Adaptation independent modulation of auditory hair cell mechanotransduction channel open probability implicates a role for the lipid bilayer

Abstract

The auditory system is able to detect movement down to atomic dimensions. This sensitivity comes in part from mechanisms associated with gating of hair cell mechanoelectric transduction (MET) channels. MET channels, located at the tops of stereocilia, are poised to detect tension induced by hair bundle deflection. Hair bundle deflection generates a force by pulling on tip-link proteins connecting adjacent stereocilia. The resting open probability (Popen) of MET channels determines the linearity and sensitivity to mechanical stimulation. Classically, Popen is regulated by a calcium-sensitive adaptation mechanism in which lowering extracellular calcium or depolarization increases Popen. Recent data demonstrated that the fast component of adaptation is independent of both calcium and voltage, thus requiring an alternative explanation for the sensitivity of Popen to calcium and voltage. Using rat auditory hair cells, we characterize a mechanism, separate from fast adaptation, whereby divalent ions interacting with the local lipid environment modulate resting Popen.
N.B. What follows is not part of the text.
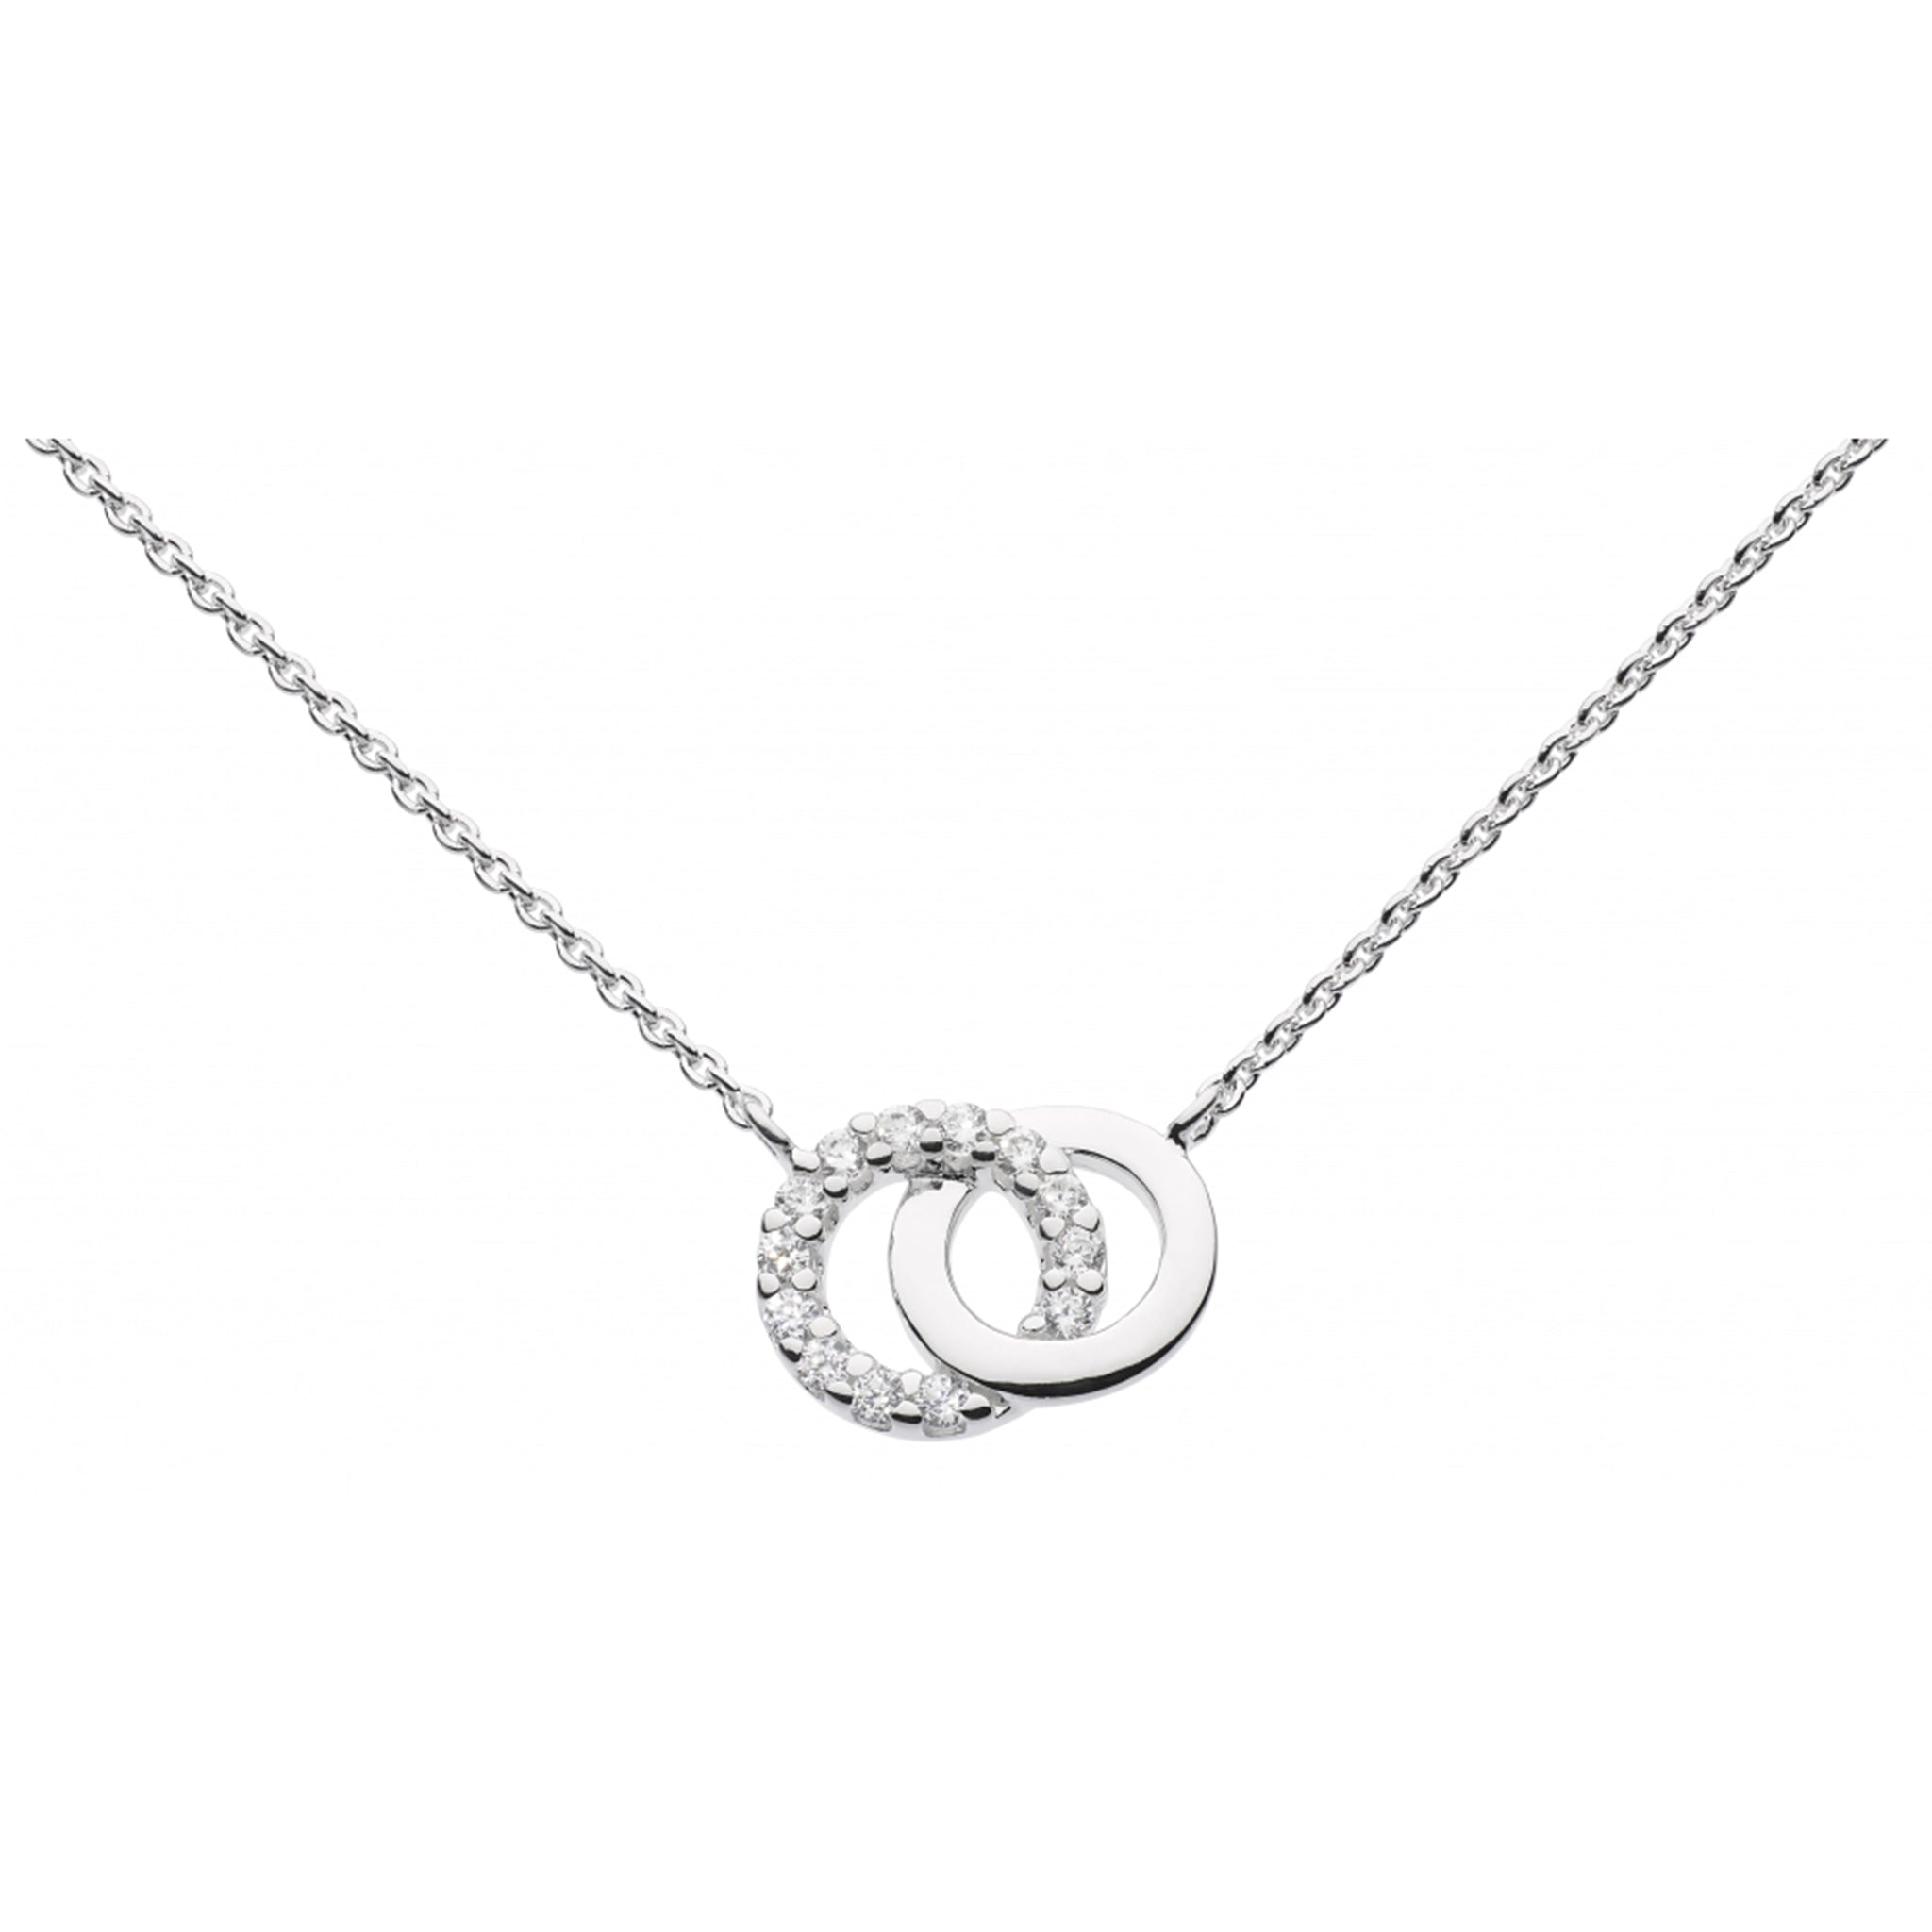 A necklace with two linked open circles in polished silver and CZ stones
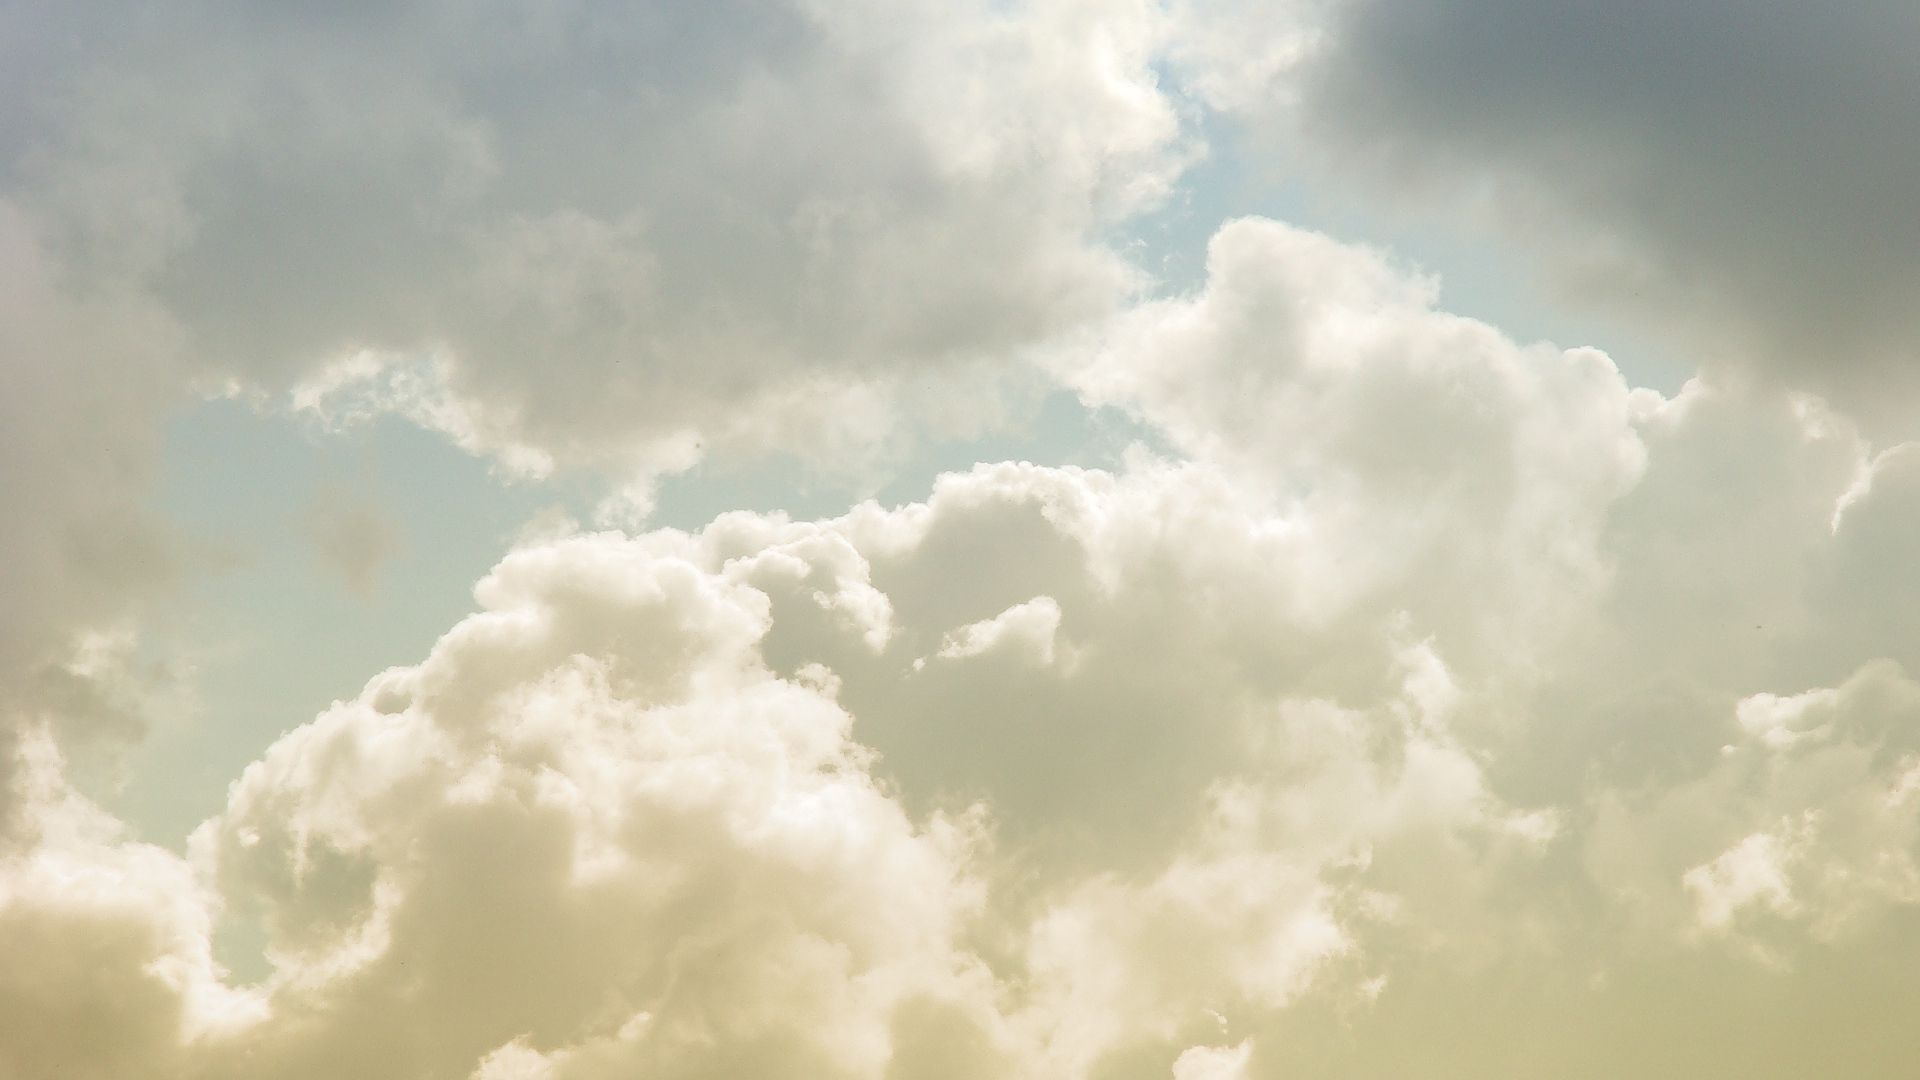 Cloud Aesthetic Background for PC Free Download

The specificity of this effect for different divalent ions suggests binding sites that are not an EF-hand or calmodulin model. GsMTx4, a lipid-mediated modifier of cationic stretch-activated channels, eliminated the voltage and divalent sensitivity with minimal effects on adaptation. We hypothesize that the dual mechanisms (lipid modulation and adaptation) extend the dynamic range of the system while maintaining adaptation kinetics at their maximal rates.